6. SolarEdge Technologies, Inc. (NASDAQ:SEDG)
Number of Hedge Fund Holders: 27
Decline in Share Price YTD: 66%
SolarEdge Technologies, Inc. (NASDAQ:SEDG) markets semiconductor equipment to the solar industry. On December 7, investment advisory Roth MKM maintained a Neutral rating on SolarEdge Technologies, Inc. (NASDAQ:SEDG) stock and raised the price target to $80 from $60.
Among the hedge funds being tracked by Insider Monkey, London-based investment firm Impax Asset Management is a leading shareholder in SolarEdge Technologies, Inc. (NASDAQ:SEDG) with 939,386 shares worth more than $121 million.
In addition to ZoomInfo Technologies Inc. (NASDAQ:ZI), Paycom Software, Inc. (NYSE:PAYC), and Enphase Energy, Inc. (NASDAQ:ENPH), SolarEdge Technologies, Inc. (NASDAQ:SEDG) is one of the best tech stocks to buy on the dip.

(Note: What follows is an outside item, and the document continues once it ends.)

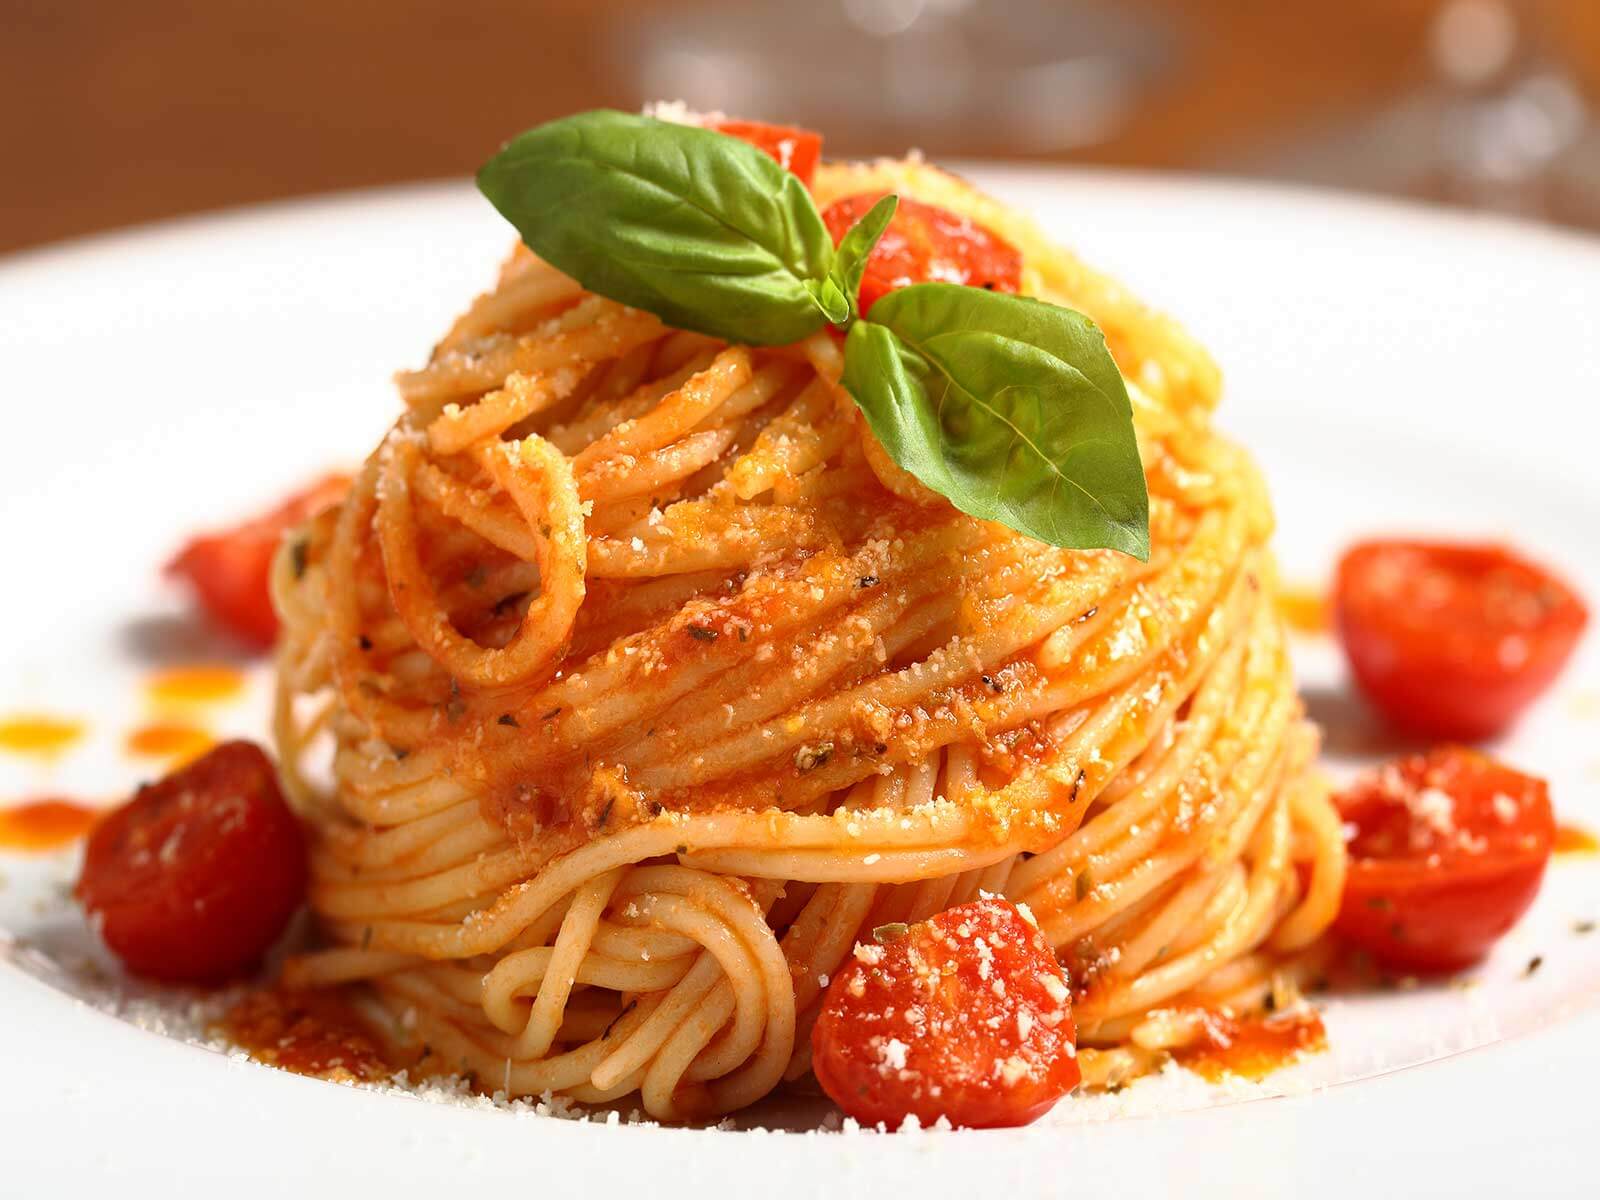 Nudelrezept von Tress mit Spaghetti, Knoblauch und Tomatensoße

In its Q3 2023 investor letter, ClearBridge Investments, an asset management firm, highlighted a few stocks and SolarEdge Technologies, Inc. (NASDAQ:SEDG) was one of them. Here is what the fund said:
“Solar energy technology companies SolarEdge Technologies, Inc. (NASDAQ:SEDG) and Shoals, meanwhile, saw headwinds from destocking in the U.S. and Europe. U.S. demand could slow further due to new net metering rules that reduce the value to consumers from sending excess residential solar energy back to the grid. SolarEdge, which makes inverters for solar systems as well as residential and commercial battery systems, is also facing rising battery competition in the U.S. from Tesla.”